Once your connection behavior is tuned, you should also ensure that your bidder code does not close connections needlessly. For example, if you have front-end code that returns a default "no bid" response in the event of backend errors or timeouts, make sure the code returns its response without closing the connection. That way you avoid the situation in which if your bidder gets overloaded, connections start to close, and the number of timeouts increases, causing your bidder to be throttled.

Keep connections balanced

If Authorized Buyers connects to your bidder's servers through a proxy server, the connections may become unbalanced over time because, knowing only the proxy server's IP address, Authorized Buyers cannot determine which bidder server is receiving each callout. Over time, as Authorized Buyers establishes and closes connections and the bidder's servers restart, the number of connections mapped to each can become highly variable.

When some connections are heavily utilized, other opened connections may remain mostly idle because they are not needed at the time. As Authorized Buyers's traffic changes, idle connections can become active and active connections can go idle. These may cause uneven loads on your bidder servers if the connections are clustered poorly. Google attempts to prevent this by closing all connections after 10,000 requests, to automatically rebalance hot connections over time. If you still find traffic becoming unbalanced in your environment, there are further steps you can take:

Select the backend per request rather than once per connection if you are using frontend proxies.
Specify a maximum number of requests per connection if you are proxying connections through a hardware load balancer or firewall and the mapping is fixed once the connections are established. Note that Google already specifies an upper limit of 10,000 requests per connection, so you should only need to provide a stricter value if you still find hot connections becoming clustered in your environment. In Apache, for example, set MaxKeepAliveRequests to 5,000
Configure the bidder's servers to monitor their request rates and close some of their own connections if they are consistently handling too many requests compared to their peers.

Handle overload gracefully

Ideally, quotas would be set high enough so your bidder can receive all the requests it can handle, but no more than that. In practice, keeping quotas at optimal levels is a difficult task, and overloads do happen, for a variety of reasons: a backend going down during peak times, a traffic mix changing so that more processing is required for each request, or a quota value just being set too high. Consequently, it pays to consider how your bidder will behave with too much traffic coming in.

To accommodate temporary traffic shifts (up to one week) between regions (especially between Asia & US West and US East & US West), we recommend a 15% cushion between 7-day peak and the QPS per Trading Location.
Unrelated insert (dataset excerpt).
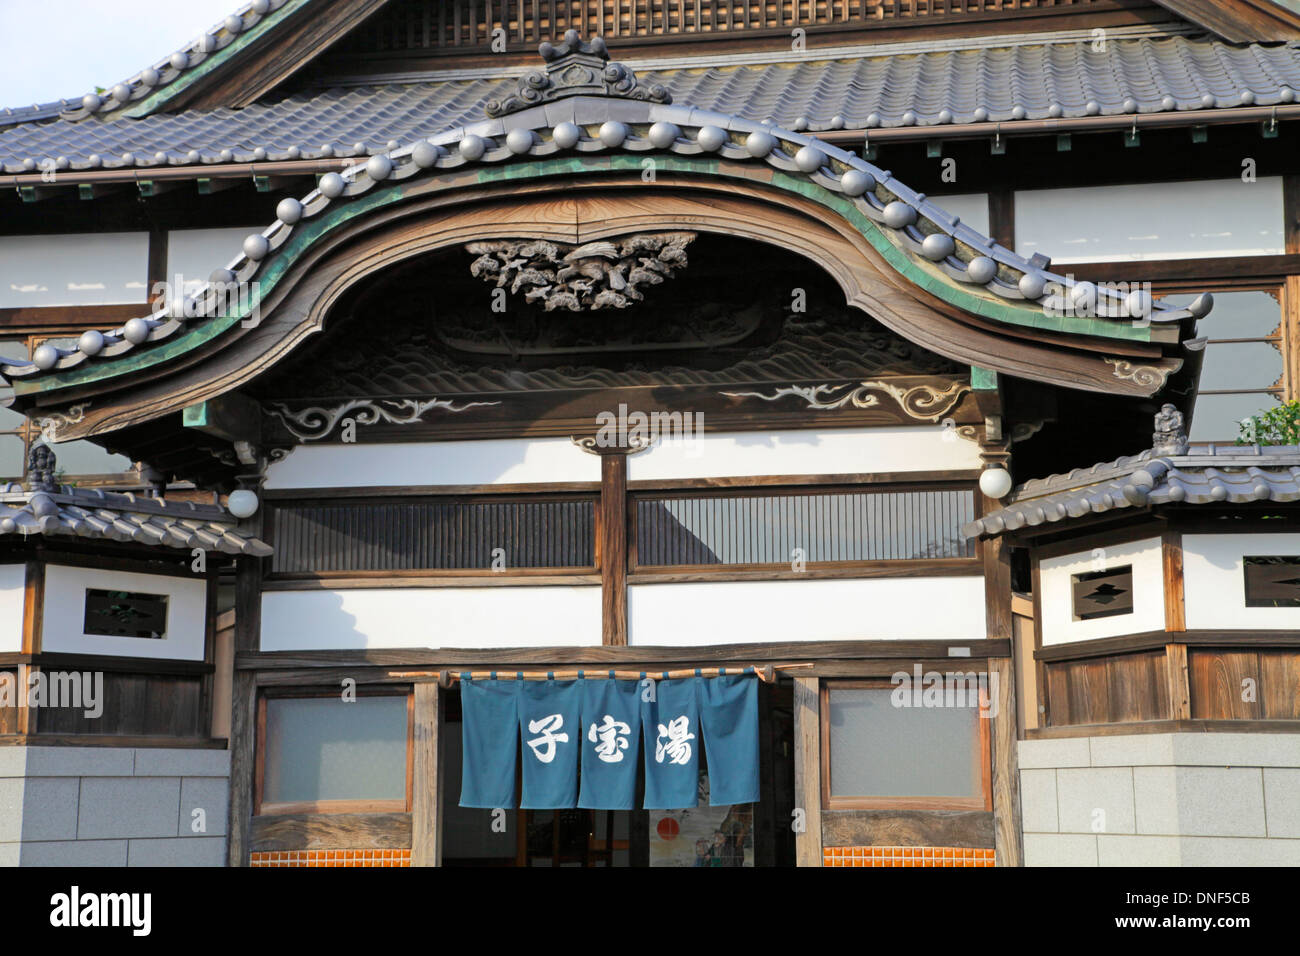 Front entrance of Sento Japanese Bath House at Edo -Tokyo Open Air Architectural Museum Stock Photo

In terms of behavior under heavy loads, bidders fall into three broad categories:

The "respond to everything" bidder

While straightforward to implement, this bidder fares the worst when overloaded. It simply tries to respond to every bid request that comes in, no matter what, queueing up any that cannot be served immediately. The scenario that ensues is often something like this:

As the request rate climbs, so do the request latencies, until all requests start timing out
Latencies rise precipitously as callout rates approach peak
Throttling kicks in, sharply reducing the number of allowed callouts
Latencies start to recover, causing throttling to be reduced
The cycle to begins again.

The graph of latency for this bidder resembles a very steep saw-tooth pattern. Alternatively, queued-up requests cause the server to start paging memory or do something else that causes a long-term slowdown, and latencies do not recover at all until peak times are over, leading to depressed callout rates during the entire peak period. In either case, fewer callouts are made or responded to than if the quota had simply been set to a lower value.

The "error on overload" bidder

This bidder accepts callouts up to a certain rate, then starts returning errors for some callouts. This may be done through internal timeouts, disabling connection queuing (controlled by ListenBackLog on Apache), implementing a probabilistic drop mode when utilization or latencies get too high, or some other mechanism. If Google observes an error rate above 15%, we’ll start throttling. Unlike the "respond to everything" bidder, this bidder "cuts its losses," which allows it to recover immediately when request rates go down.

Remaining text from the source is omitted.